The Court noted that the replacement mortgage doctrine is another exception to the race-notice statute, and many jurisdictions either recognize the doctrine or follow its logic. Cases from other jurisdictions were cited, and the Restatement (Third) of Property was quoted. According to the Restatement, the replacement mortgage doctrine provides:

  • If a senior mortgage is released of record and, as a part of the same transaction, is replaced with a new mortgage, the latter mortgage retains the same priority as its predecessor, except
  • To the extent that any change in the terms of the mortgage or the obligation it secures is materially prejudicial to the holder of a junior interest in the real estate, or
  • To the extent that one who is protected by the recording act acquires an interest in the real estate at a time that the senior mortgage is not of record.

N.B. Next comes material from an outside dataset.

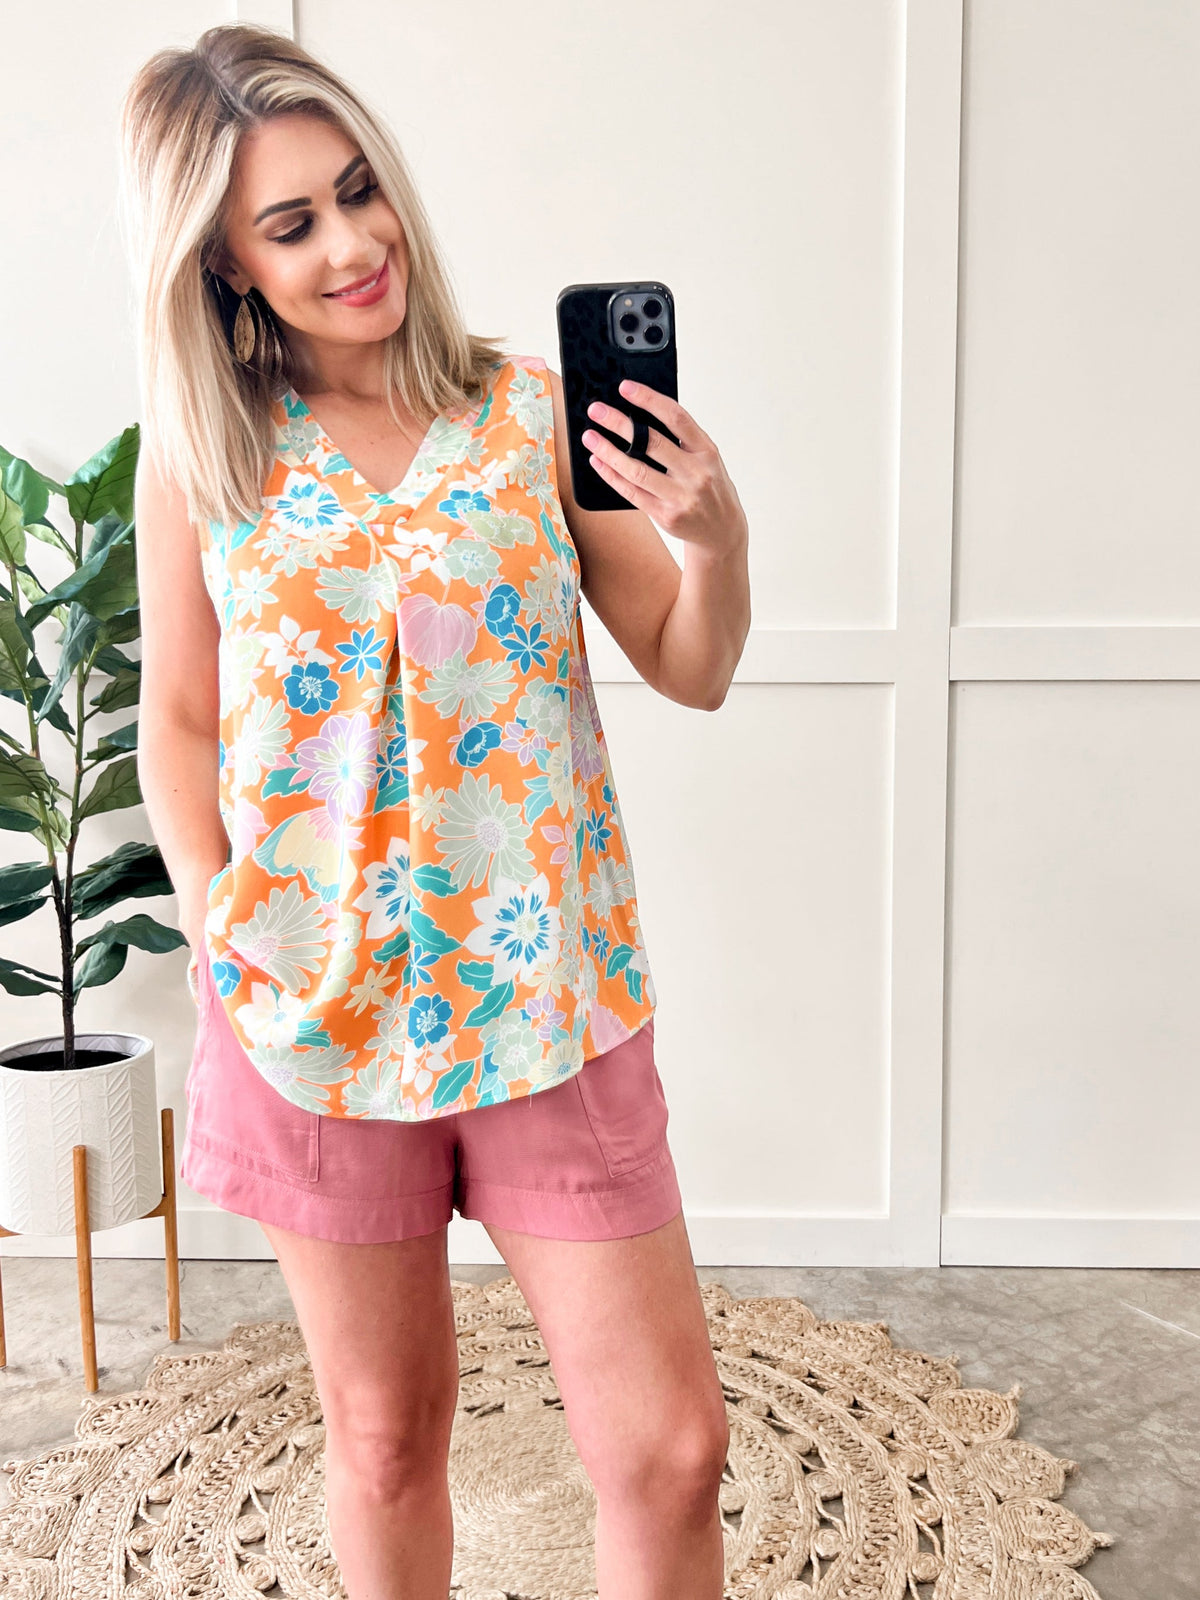 Gabby Sleeveless Floral Top In Turquoise & Tangerine  * Sample Sale

The Court said that it was required to respect the authority of the legislature on public policy matters and declined to sit as a “superlegislature” to second-guess the General Assembly’s decisions. The Court differentiated the equitable subrogation doctrine from the replacement mortgage doctrine by saying that the “race” begins with the original mortgage in the equitable subrogation situation, and the intervening lender suffers no loss. Under the replacement mortgage doctrine, on the other hand, the original first mortgage is satisfied of record and replaced with a new mortgage that is recorded after the intervening mortgage.

The Court also criticized the replacement mortgage doctrine because it dilutes the importance of title examinations. Lenders who seek to refinance their own mortgages, as Quicken did in this case, can easily search the title to discover the intervening lien. The last words of the case state, “Finally, we emphasize parties must conduct diligent title searches to protect their interests under the race-notice statute.”

I, for one, will not argue with that final statement. It now appears that if ALTA and PLTA want a replacement mortgage doctrine in South Carolina, they need to approach the legislature.

*South Carolina Supreme Court Opinion 28129, January 11, 2023.

**All the citations are omitted but are set out in detail in the subject case.